Ante el bloqueo marítimo inglés se intentó incluso aclimatar en suelo español cultivos coloniales como el algodón y la caña de azúcar, dando algunos frutos estas medidas en Motril y la costa de Granada. Para estimular el comercio con Francia se exportaron lanas y ovejas merinas, y se intentó incentivar la industria privada concediendo ayudas y medidas protectoras. Lo cierto es que buena parte de estas actuaciones tuvieron un impacto mínimo. Entre las medidas liberalizadoras del comercio y la industria destacan la libertad de fábrica y comercio de naipes, aguardientes y la extinción de algunos estancos como el del lacre. Se quiso también fomentar algunas obras públicas, aunque en la práctica éstas no pasaron mucho más allá de las reformas urbanísticas que acometió en Madrid el rey José, lo que le valió el apodo de el “rey plazuelas”.

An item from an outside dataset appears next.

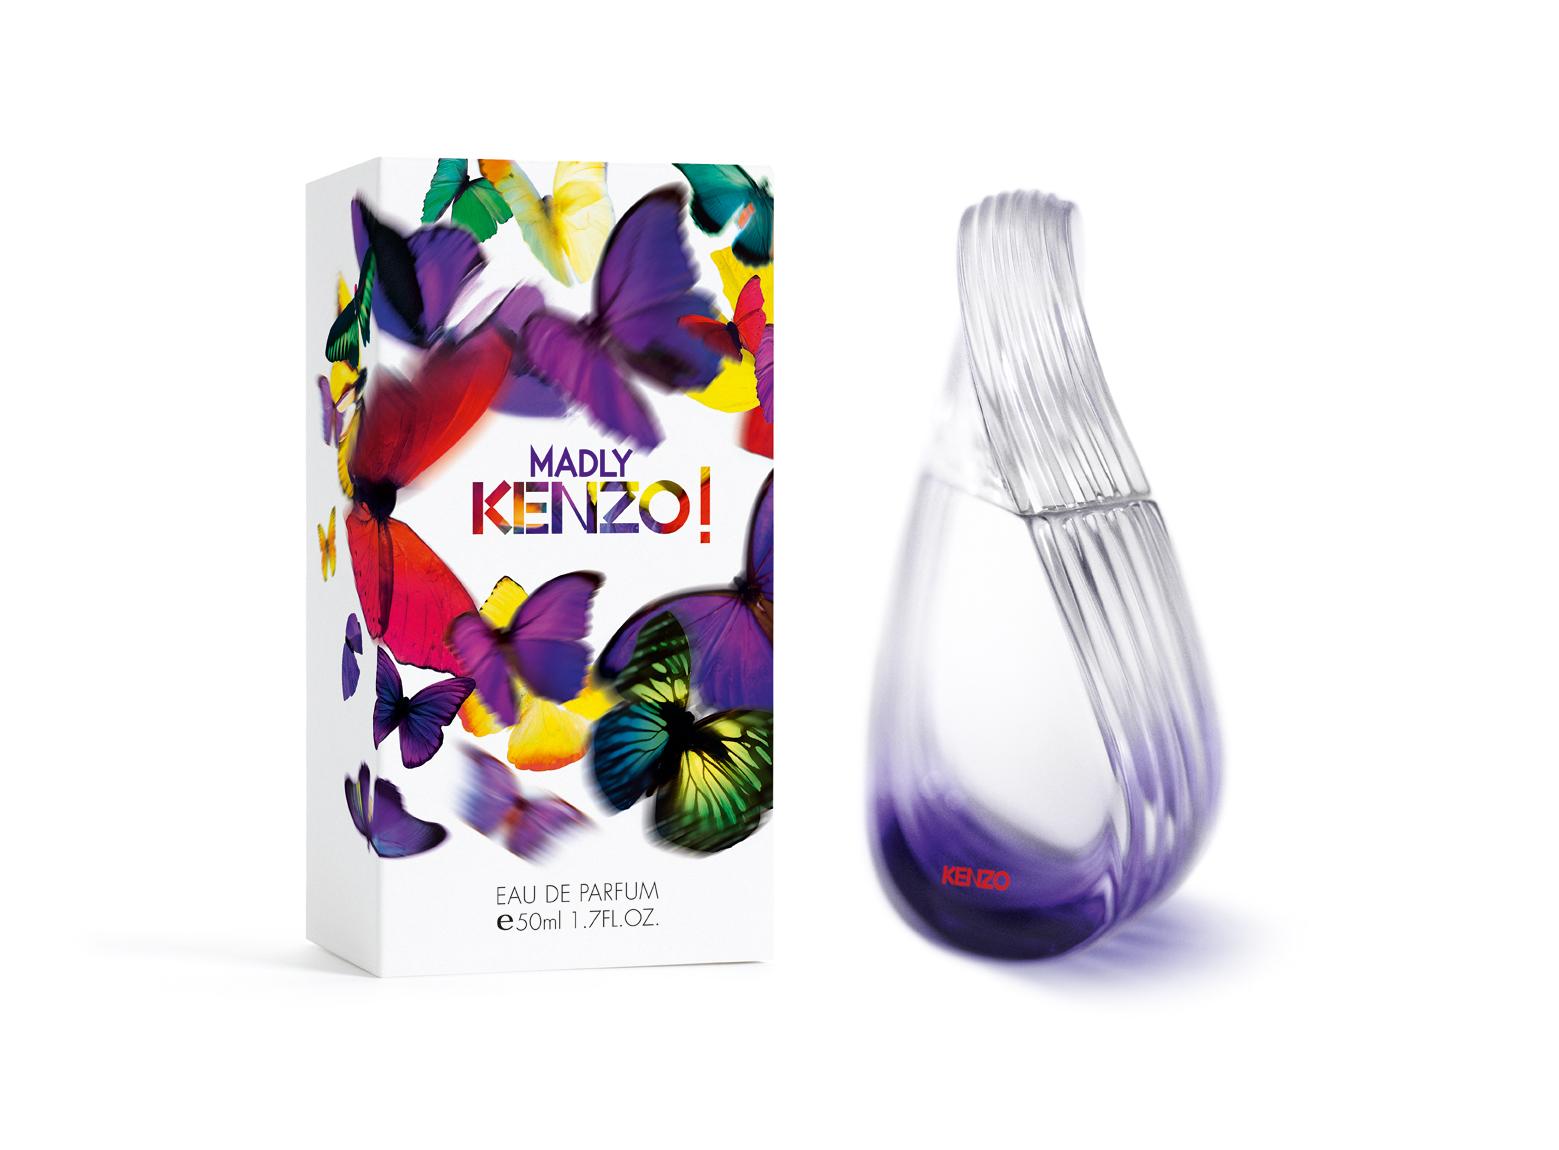 MADLY-KENZO-packshotBD

6. 2 Política eclesiástica

La política eclesiástica del rey José supuso un auténtico aldabonazo contra la tradicional estructura de la Iglesia española. Estas reformas, cuyos hitos más significativos serían la abolición de la Inquisición a finales de 1808 y la supresión de las órdenes regulares en agosto de 1809, representan un estadio preliberal, pionero de las hondas transformaciones que emprenderían los liberales en las Cortes de Cádiz y más tarde durante el Trienio liberal (1820-1823), con la diferencia de que los liberales tuvieron que alumbrarlas tras una lenta y dura batalla parlamentaria, mientras las reformas josefinas se ejecutaron rápidamente y por decreto. Como ha mostrado recientemente Barbastro Gil34, esta política siguió el plan trazado a finales de 1808 por el abate de Pradt, que acompañó a Napoleón durante su periplo por la Península, y pretendía reducir al clero español convirtiendo a los eclesiásticos en actores sociales y colaboradores políticos del nuevo régimen. Mediante la supresión de las órdenes regulares, se redujo la población eclesiástica a la mitad, se acabó con el diezmo, pasando el clero a depender financieramente del Estado, y se procedió a una nueva (y necesaria) organización y racionalización del mapa eclesiástico de España. Como dijimos, el clero afrancesado, minoritario, pero mayoritariamente preparado y procedente de un sector de tendencias jansenistas y regalistas que desde finales del pasado siglo luchaba por emancipar a los obispos españoles de la obediencia temporal a Roma y buscaba una profunda reforma de nuestro clero, no tuvo problemas a la hora de aceptar estas medidas. José creó incluso un ministerio específico, el de Negocios Eclesiásticos, regentado por

Miguel José de Azanza, entre cuyos fines estaba el examen de todos los documentos publicados por la Corte Romana antes de permitir su publicación en España y el sostenimiento de los eclesiásticos españoles, convertidos casi en meros funcionarios. El gobierno josefino luchó, como hemos visto, por captar al clero hacia sus filas, consciente de su importante papel en la sociedad española. Intentó asimilar a los más posibles al clero secular y contentarlos con pensiones y empleos, suprimiendo de paso el molesto “espíritu de cuerpo” del clero regular, por otra parte unánimemente opuesto al nuevo régimen, y fomentó el clero parroquial, mucho más controlable. Además supo premiar a los más adeptos con ascensos dentro de los cuadros del capítulo de las catedrales (racioneros, canónigos...). Siguiendo con su política de racionalización y unificación de la justicia, abolió la jurisdicción de los obispos en causas civiles y criminales, y llevando al extremo el llamado “patronato regio”, destituyó en 1810 a varios obispos huidos de sus diócesis nombrando para sustituirlos a miembros del clero afrancesado, que veían así premiada su fidelidad.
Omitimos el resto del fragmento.